There are several key steps to follow…

  • Think mobile – the first step is to think mobile: you have to put mobile front and centre of your online business, optimising what you have for the channel. The crucial part of your app strategy will be to deliver an excellent, even exceptional, customer experience, so you have to know what you are doing. This isn’t a bolt-on, this is to all intents and purposes the keystone of your online strategy.
  • What do you want it to do – once you have taken that leap into apps, the next step is easy; what do you want your app to do? Map out what you think your app is for and how you want to deliver that. Refine it constantly to give the best user journey (with the minimal amount of clicking and scrolling). Think graphically, so the user is led by images – images that you can expand easily and that give real detail – but also give them easy access to text should they want it.
  • What do your customers want it to do – while you have the vision as to what you want your app to achieve, it is imperative to find out what your customers want from any app that you offer. This process starts by analysing where they already are in terms of online and mobile shopping on your site and what the pain points may be. From this you can work out what they do and how you can make this better. With that in mind, then you need to go out and ask a random sample, especially those that regularly shop with you, what they are looking to achieve, how you can make that better and what they like about other apps they use.
  • Easy checkout – making it easy to find things and browse them is part one of the process; letting shoppers actually purchase is key. Making the checkout process as easy as you can is vital. One of the reasons Amazon’s app is so popular is that you can buy with one click. Your app needs to be similar. Get users to pre-register and add a payment tool – even just PayPal can make it work – and so they get to see just how simple it is to use.

Getting your app found

As already stated, the retail apps market is crowded and competitive. There is also the issue that you are also going to be competing with Amazon, eBay and Google for the same mobile customers. There is a whole other article in how to do this, but the gist lies in the following…
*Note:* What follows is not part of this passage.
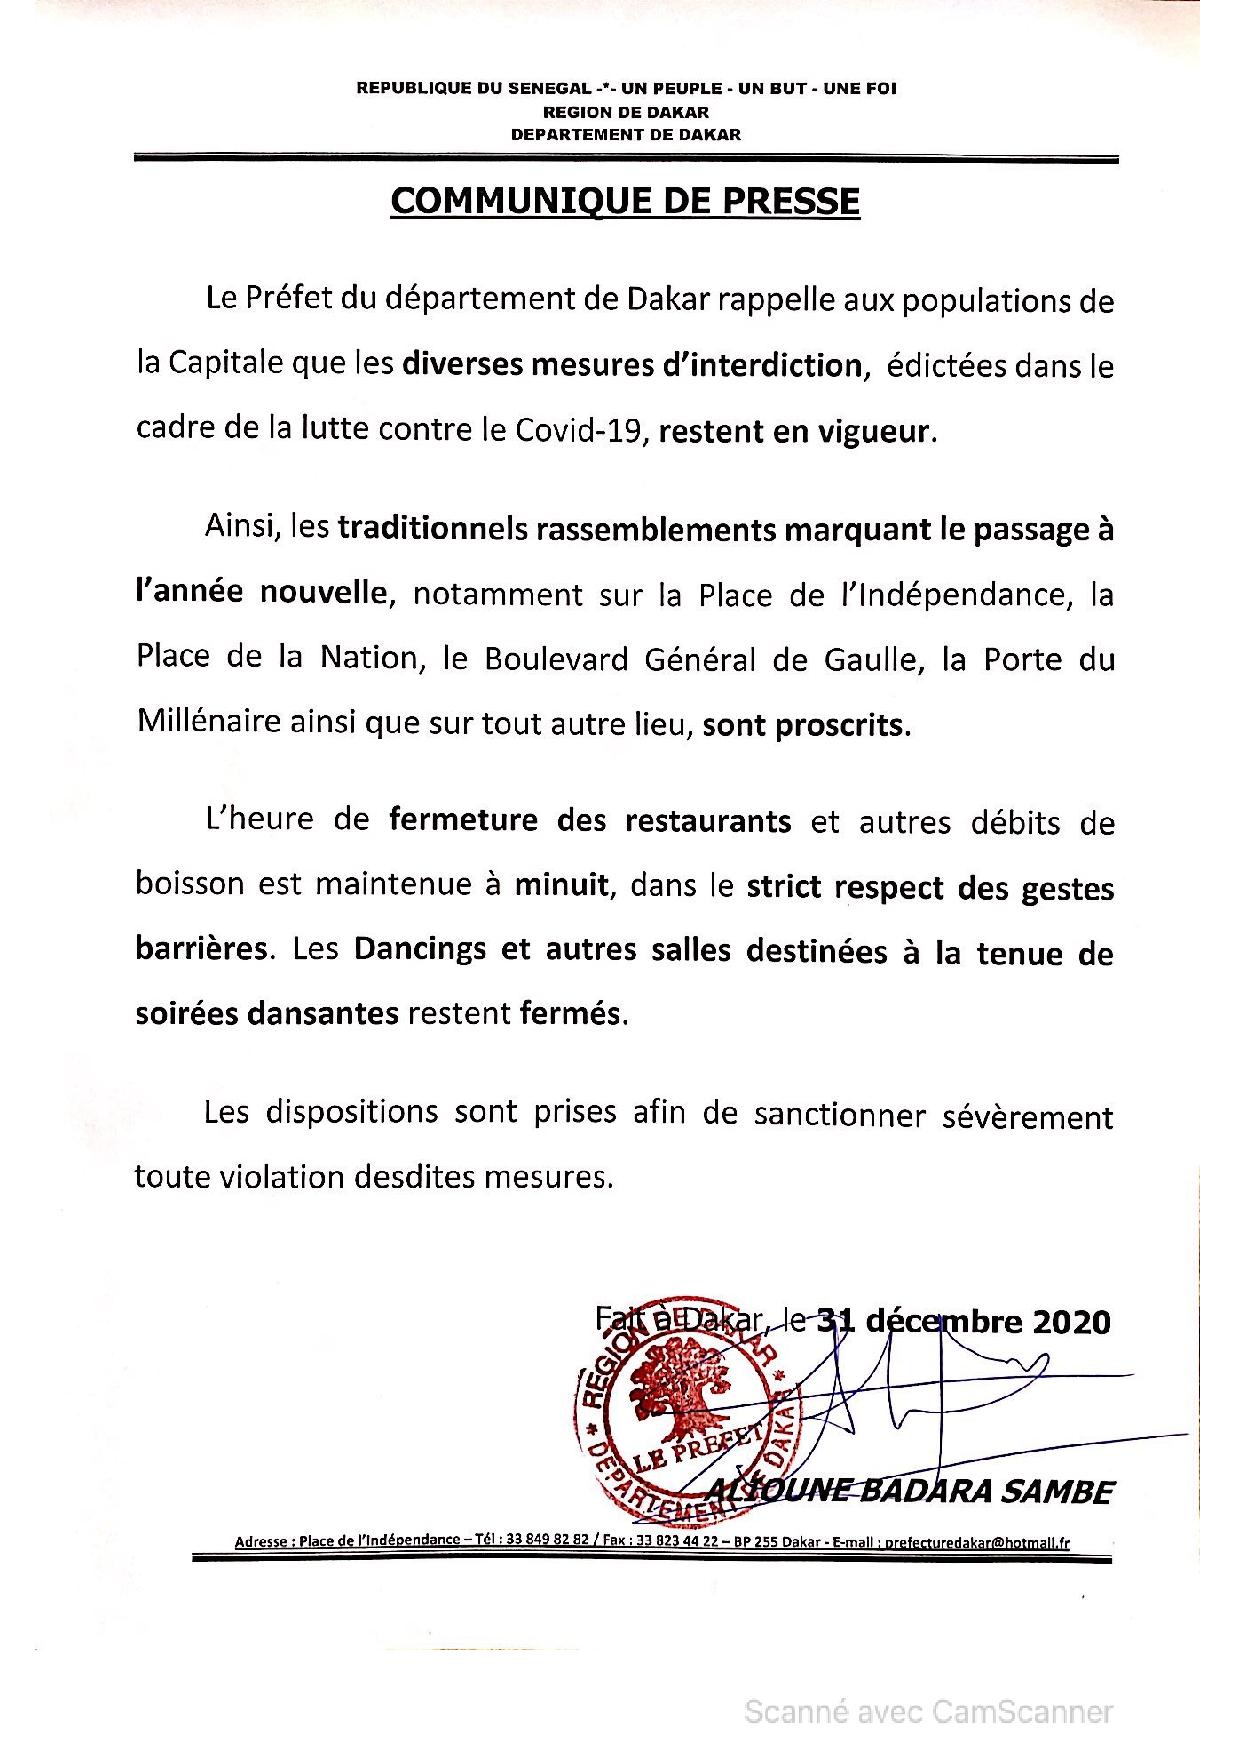 Le préfet de Dakar barricade Dakar...Pas de fête
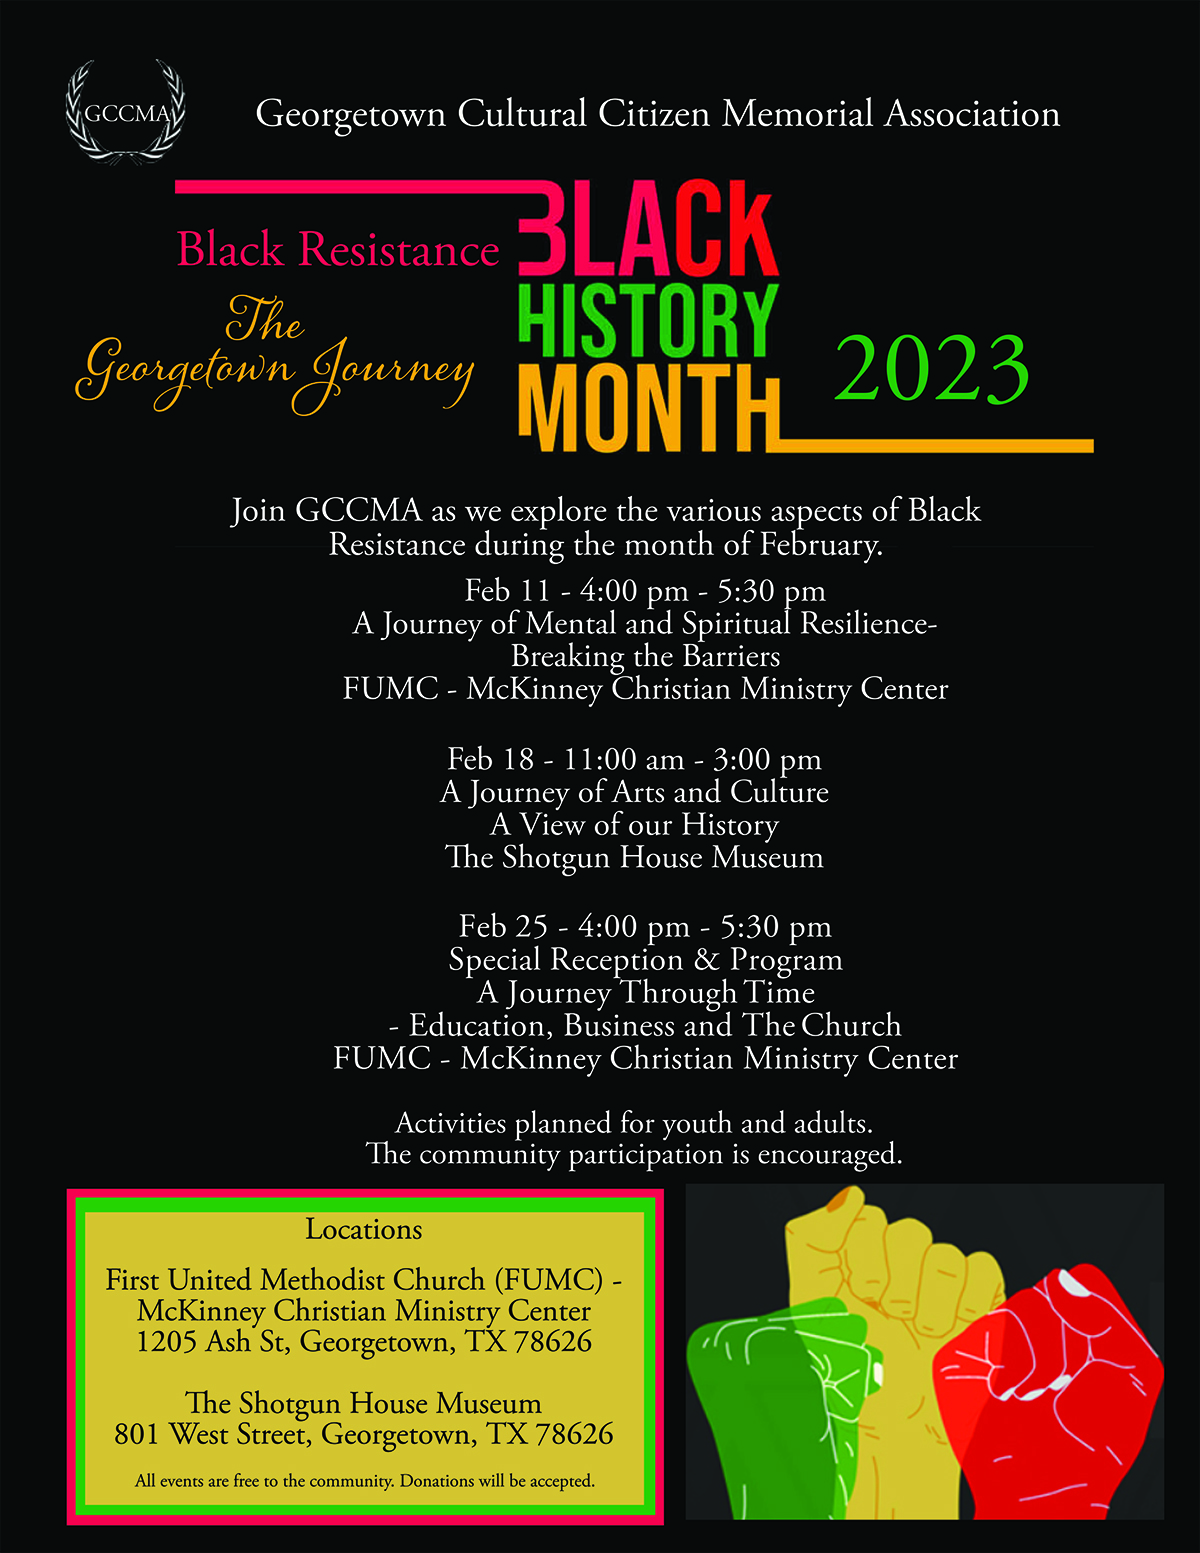 Los eventos de la Asociación Conmemorativa de Ciudadanos Culturales de Georgetown incluyen un panel de discusión el 11 de febrero, recorridos por Shotgun House el 18 de febrero y una recepción de historia negra el 25 de febrero

  • App store optimisation – like SEO, ASO is vital to anyone finding your app via the app stores. To do this you need:
  • A unique name for your app, ideally your brand
  • A set of relevant keywords
  • Good screen shots
  • Put it in the right categories on the app stores
  • Give a detailed description
  • Pay to appear – You can also run paid campaigns to rewards app installs. This pushes you app up the charts and so you appear more prominently. However, this is a very expensive option and may not be worth it unless you are a huge, global mega brand.
  • Use bloggers and influencers – Another tack is to look at how to get bloggers and influencers in the areas of retail that you operate in to push your app to their base. This again requires payment, but can give reach and trusted advocacy at a much lower cost than paying apps stores. This should then drive up downloads which in turn helps you rise up the charts.
  • Third-party advertising – You can also look at how to promote your app across a range of other sites, not least Facebook, Twitter, Amazon apps store, Samsung apps store and a range of other less well-known places.


Apps are increasingly vital in the new digital economy and if you don’t have one or aren’t leveraging it as well as you should now is the time to act. It isn’t cheap and it isn’t easy, but the results and rewards can be huge.